As per comment below you may also need to include the flag:
--local-infile=1
For whatever it's worth... You can add the LOCAL operand to the LOAD DATA INFILE instead of using mysqlimport to get around this problem.
LOAD DATA LOCAL INFILE ...
This will work without granting FILE permissions.
Also struggled with this issue, trying to upload .csv data into AWS RDS instance from my local machine using MySQL Workbench on Windows.
The addition I needed was adding OPT_LOCAL_INFILE=1 in: Connection > Advanced > Others.
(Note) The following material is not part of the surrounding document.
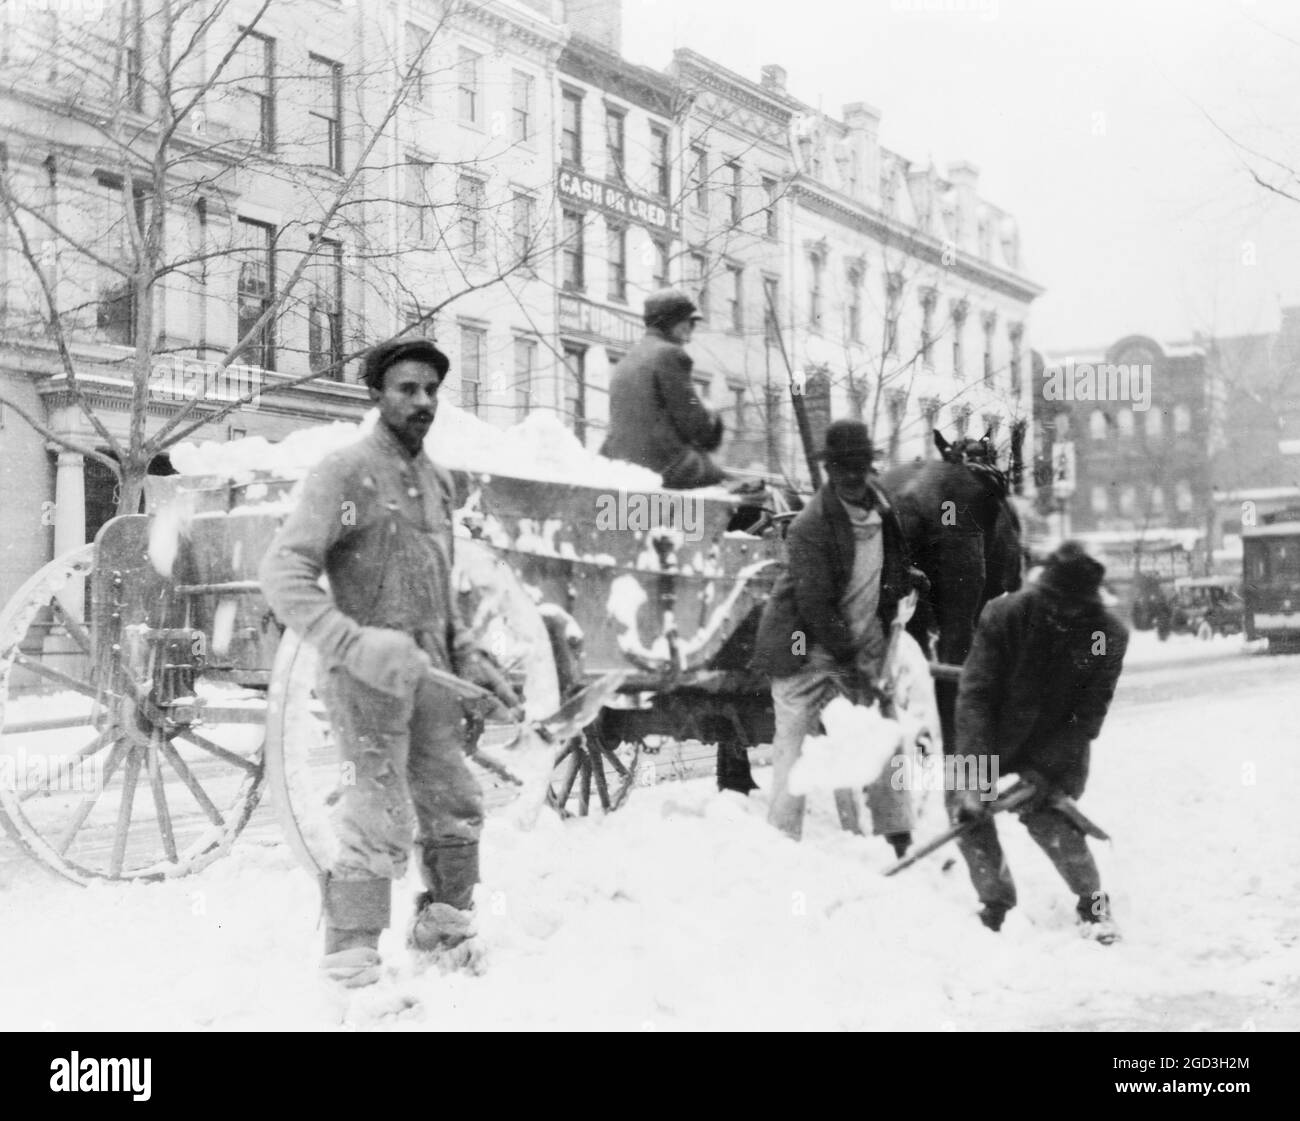 Men loading snow onto wagon, after snow storm, in Washington, D.C. ca. [between 1909 and 1920] Stock Photo
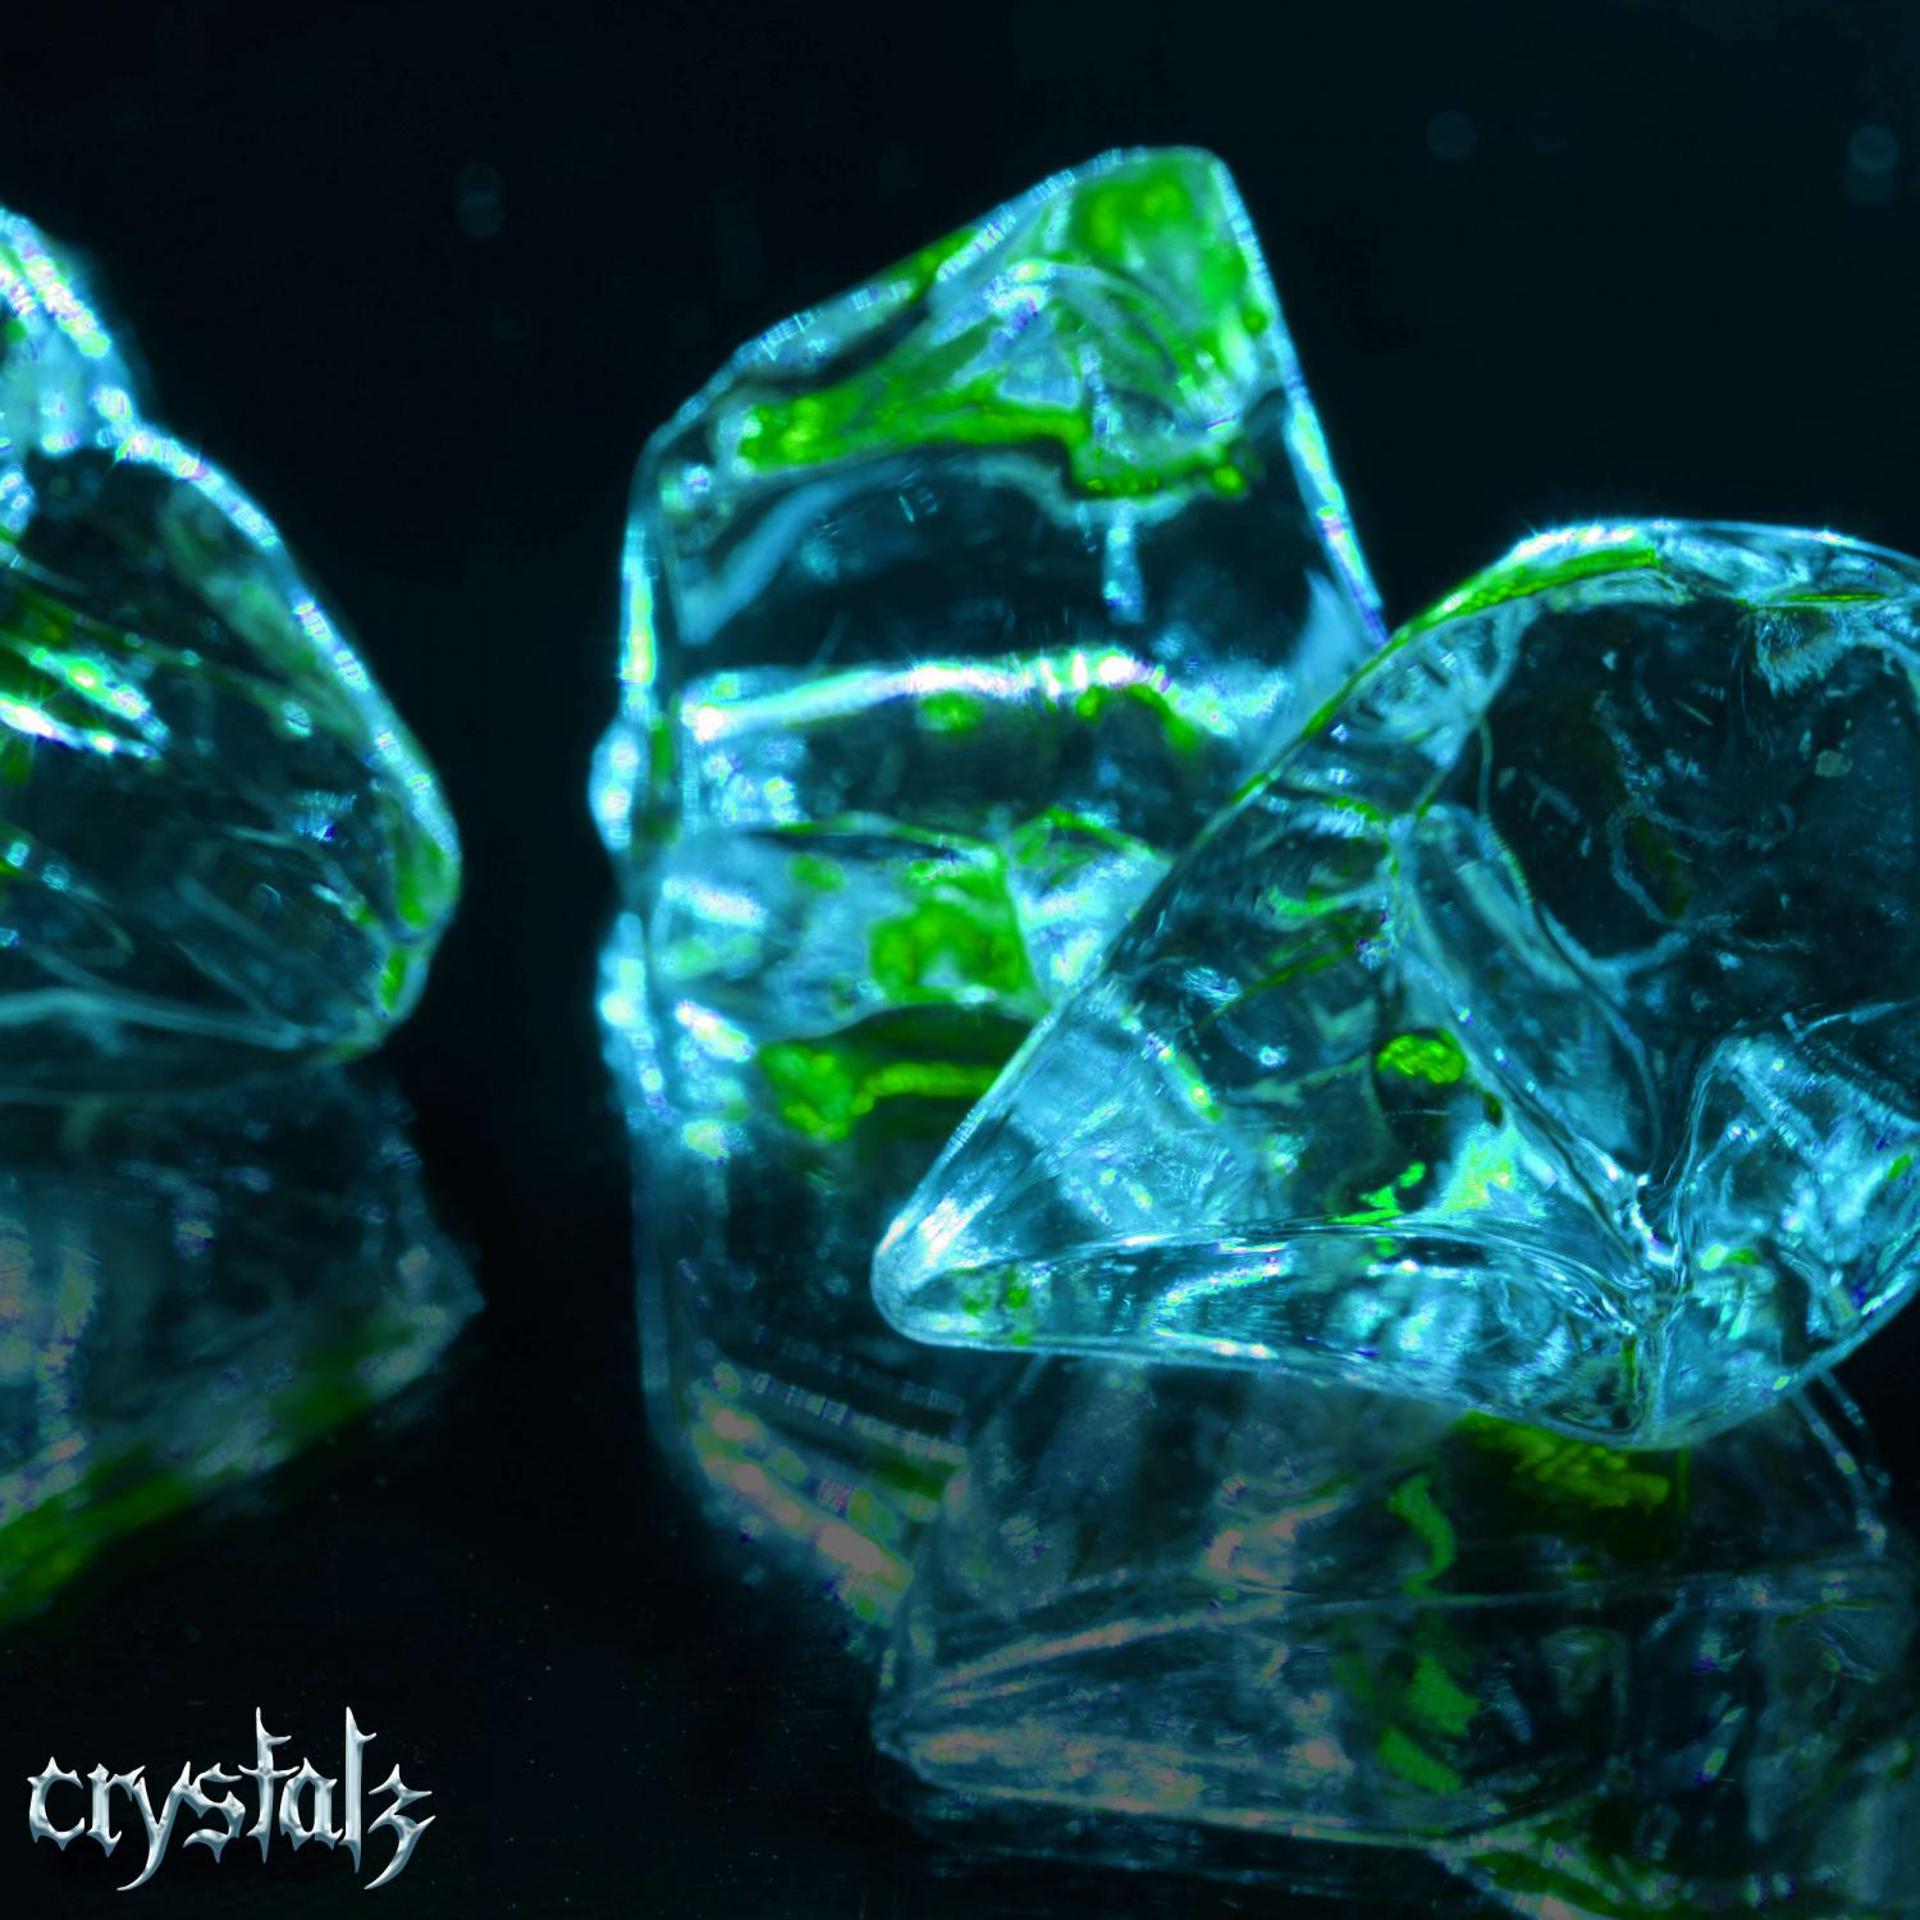 Isolate exe crystals reverb. Crystals isolate ФОНК. Crystals isolate.exe. Phonk - Crystal - isolate. Crystals pr1svx.

Note CAPS was required.
I found this answer by PeterMag in AWS Developer Forums.
For further info:
SHOW VARIABLES LIKE 'local_infile'; already returned ON
and the query was:
LOAD DATA LOCAL INFILE 'filepath/file.csv'
INTO TABLE `table_name`
FIELDS TERMINATED BY ','
ENCLOSED BY '"'
LINES TERMINATED BY '\n'
IGNORE 1 ROWS;
Copying from the answer source referenced above:
Apparently this is a bug in MYSQL Workbench V8.X. In addition to the
configurations shown earlier in this thread, you also need to change
the MYSQL Connection in Workbench as follows:
Go to the Welcome page of MYSQL which displays all your connections
Select Manage Server Connections (the little spanner icon)
Select your connection
Select Advanced tab
In the Others box, add OPT_LOCAL_INFILE=1
Now I can use the LOAD DATA LOCAL INFILE query on MYSQL RDS. It seems
that the File_priv permission is not required.*
Pretty sure you can't do it yet, as you don't have the highest level MySQL privileges with RDS. We've only done a little testing, but the easiest way to import a database seems to be to pipe it from the source box, e.g.
mysqldump MYDB | mysql -h rds-amazon-blah.com --user=youruser --pass=thepass
Importing bulk data into Amazon MySQL RDS is possible two ways. You could choose anyone of below as per your convenience.
Using Import utility.
mysqlimport --local --compress -u <user-name> -p<password> -h <host-address> <database-name> --fields-terminated-by=',' TEST_TABLE.csv
--Make sure, here the utility will be inserting the data into TEST_TABLE only.
Sending a bulk insert SQL by piping into into mysql command.
mysql -u <user-name> -p<password> -h <host-address> <database-name> < TEST_TABLE_INSERT.SQL
--Here file TEST_TABLE_INSERT.SQL will have bulk import sql statement like below
--insert into TEST_TABLE values('1','test1','2017-09-08'),('2','test2','2017-09-08'),('3','test3','2017-09-08'),('3','test3','2017-09-08');
I ran into similar issues. I was in fact trying to import a database but the conditions should be the same - I needed to use load data due to the size of some tables, a spotty connection, and the desire for a modest resume functionality.
I agree with chris finne that not specifying the local option can lead to that error. After many fits and starts I found that the mk-parallel-restore tool from Maatkit provided what I needed with some excellent extra features. It might be a great match for your use case.